▸ WHAT TO DO
Print only the lines running from the line with "Algerien vom Raum auf Erde" to the final line below, both included, exactly as written and without the pictures.

▸ STORED DATA
++++++++++++++++++++

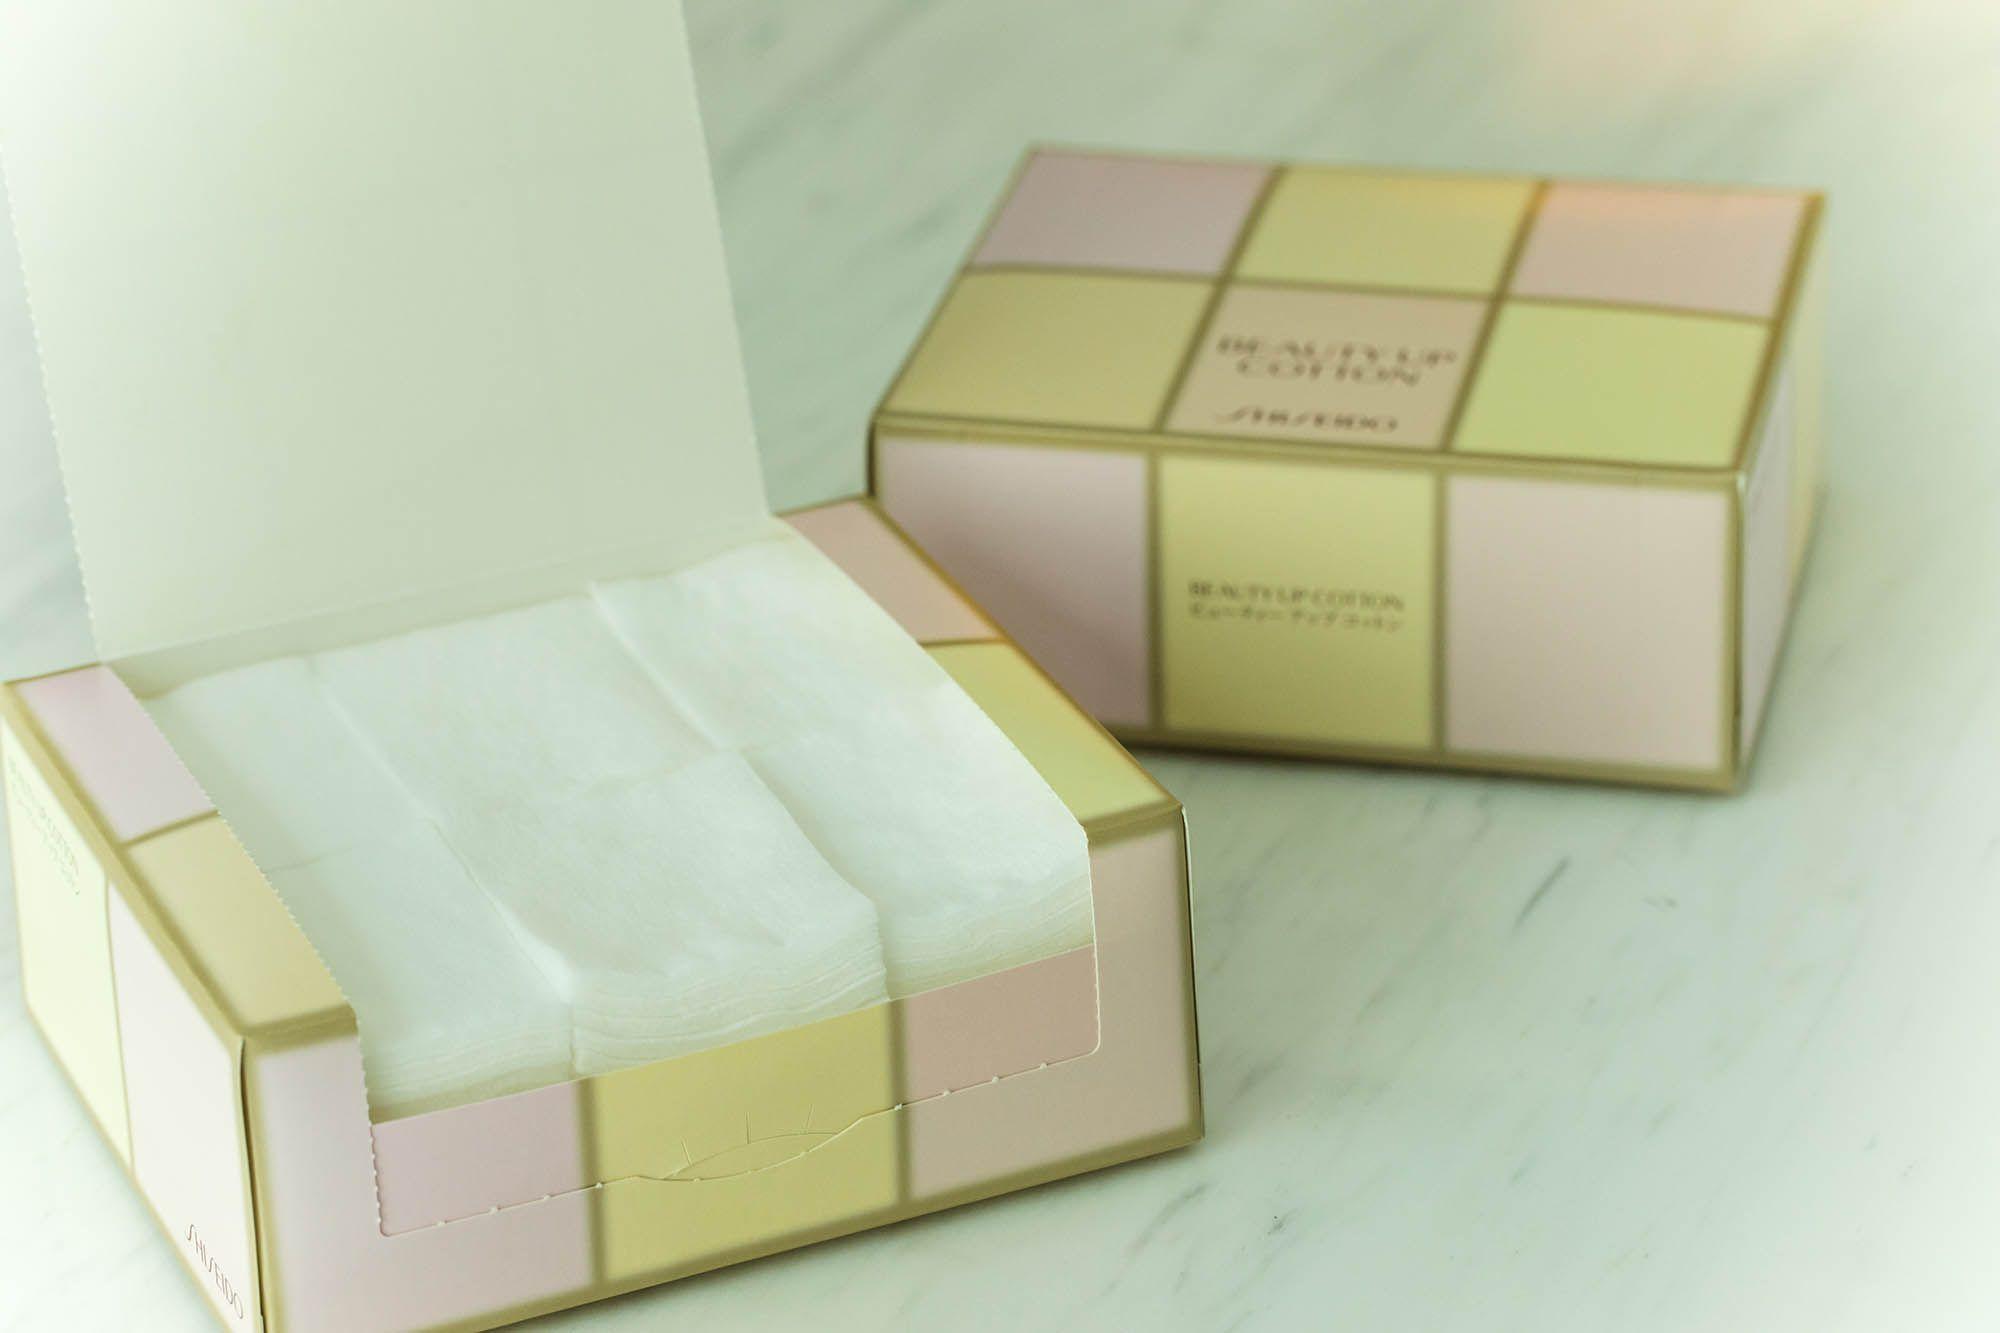 ポップなカラーが楽しいボックスに収められている「ビューティーアップコットン」(324円)税抜。
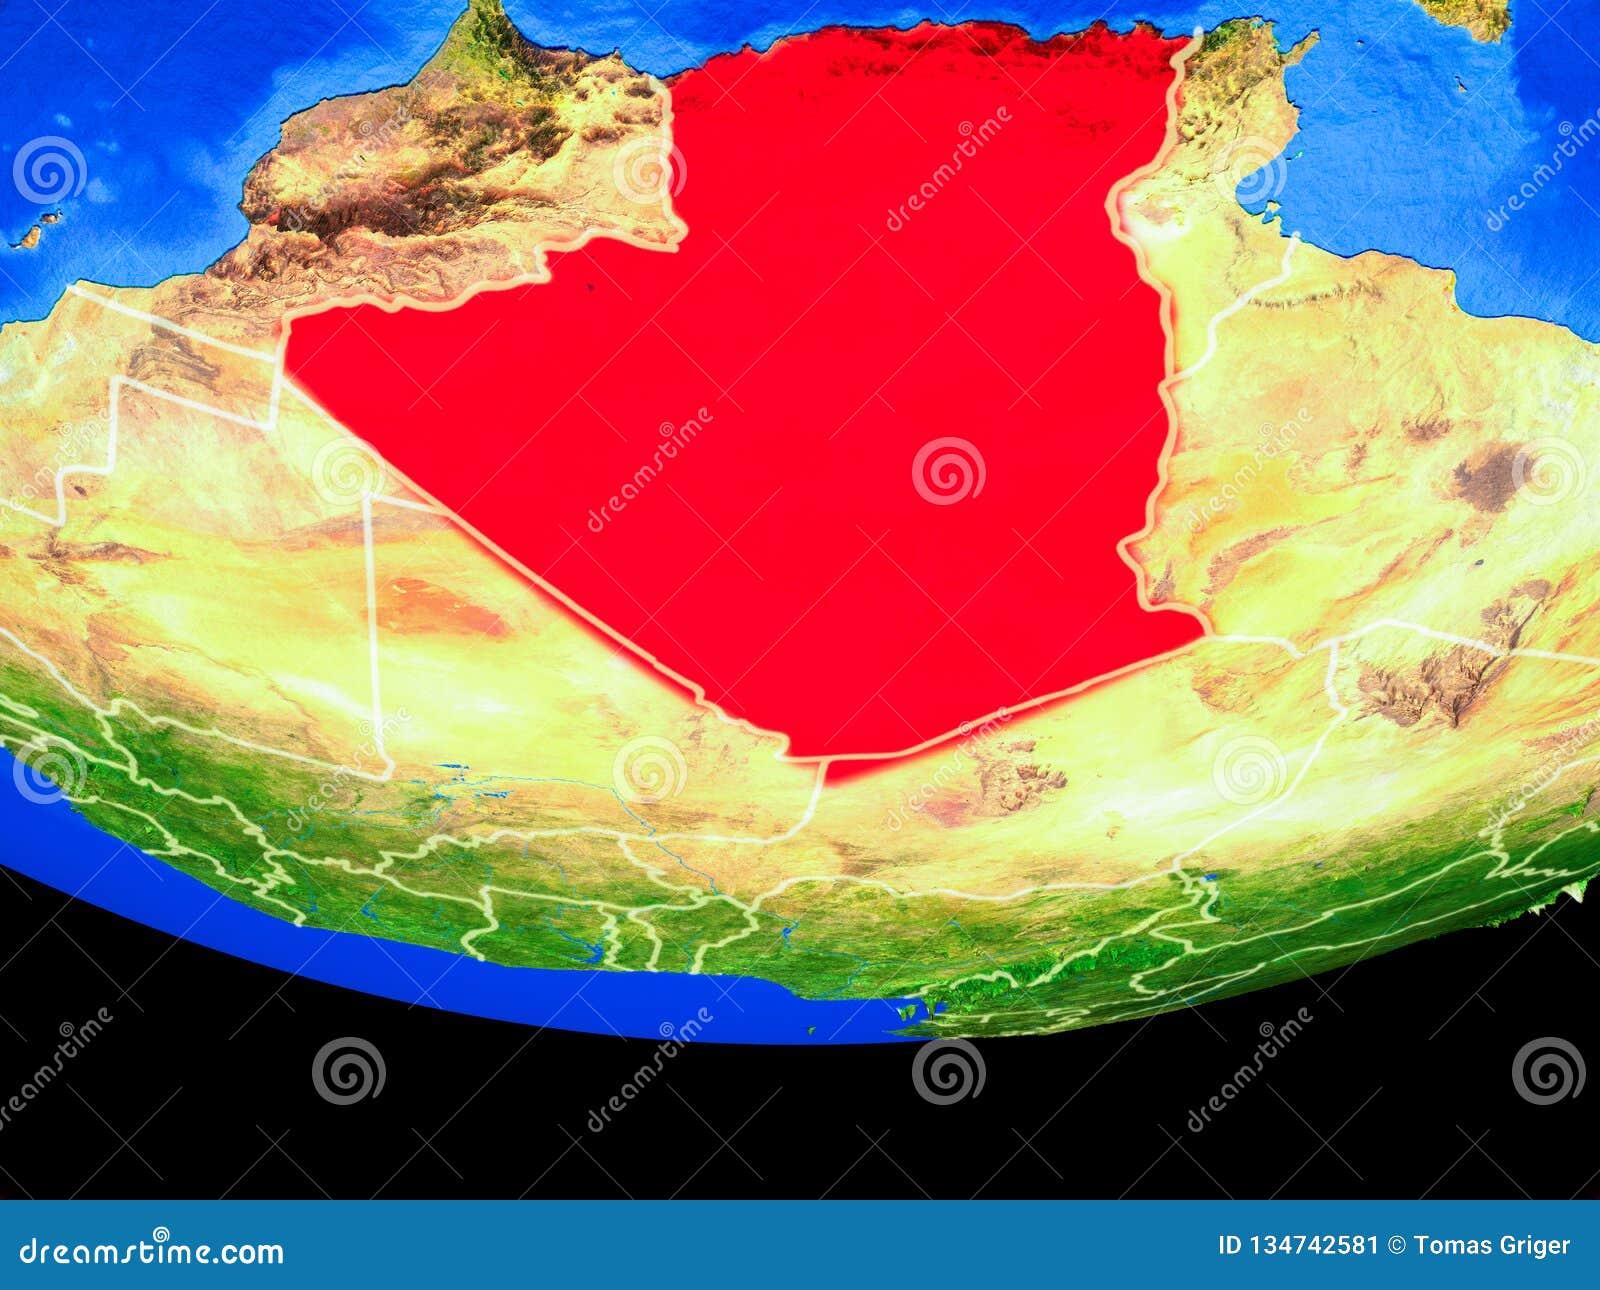 Algerien vom Raum auf Erde
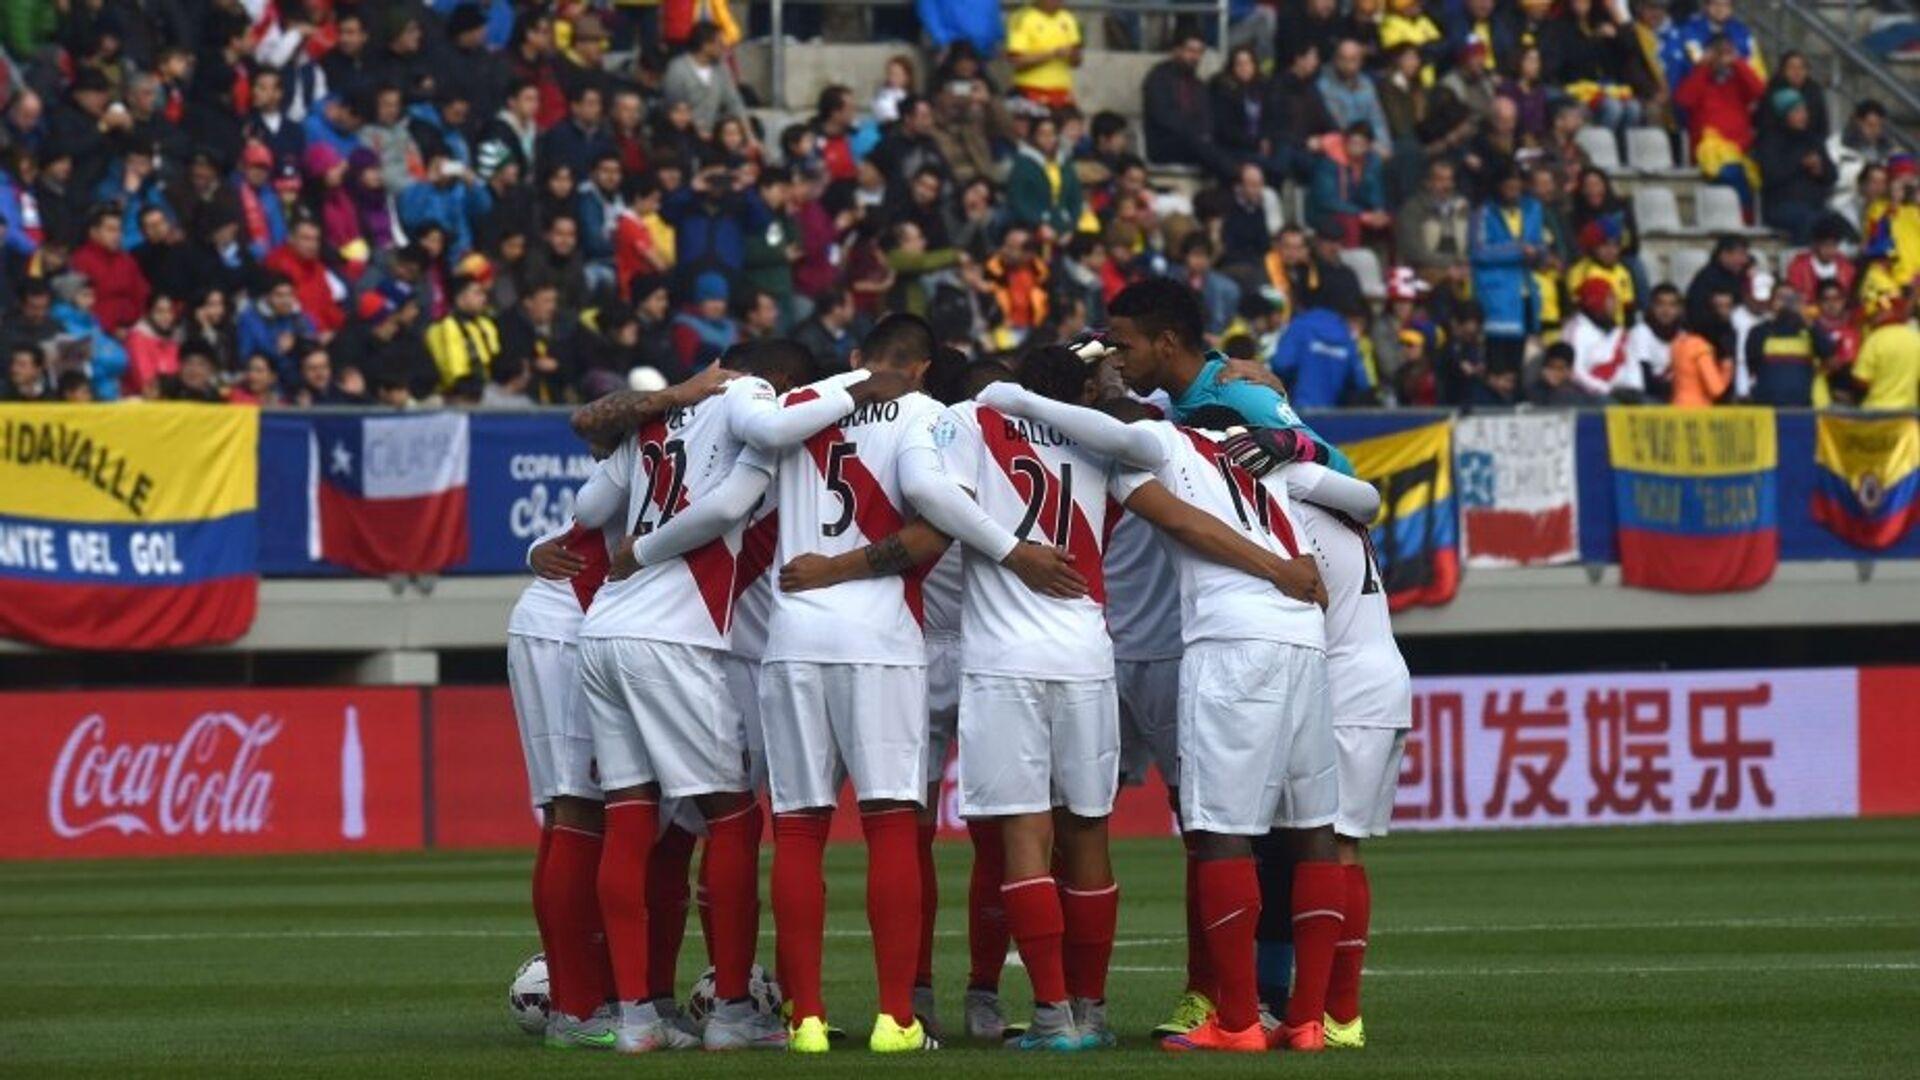 La selección de fútbol de Perú (archivo) - Sputnik Mundo, 1920, 18.05.2021

++++++++++++++++++++

▸ TASK RESULT
 Algerien vom Raum auf Erde
 La selección de fútbol de Perú (archivo) - Sputnik Mundo, 1920, 18.05.2021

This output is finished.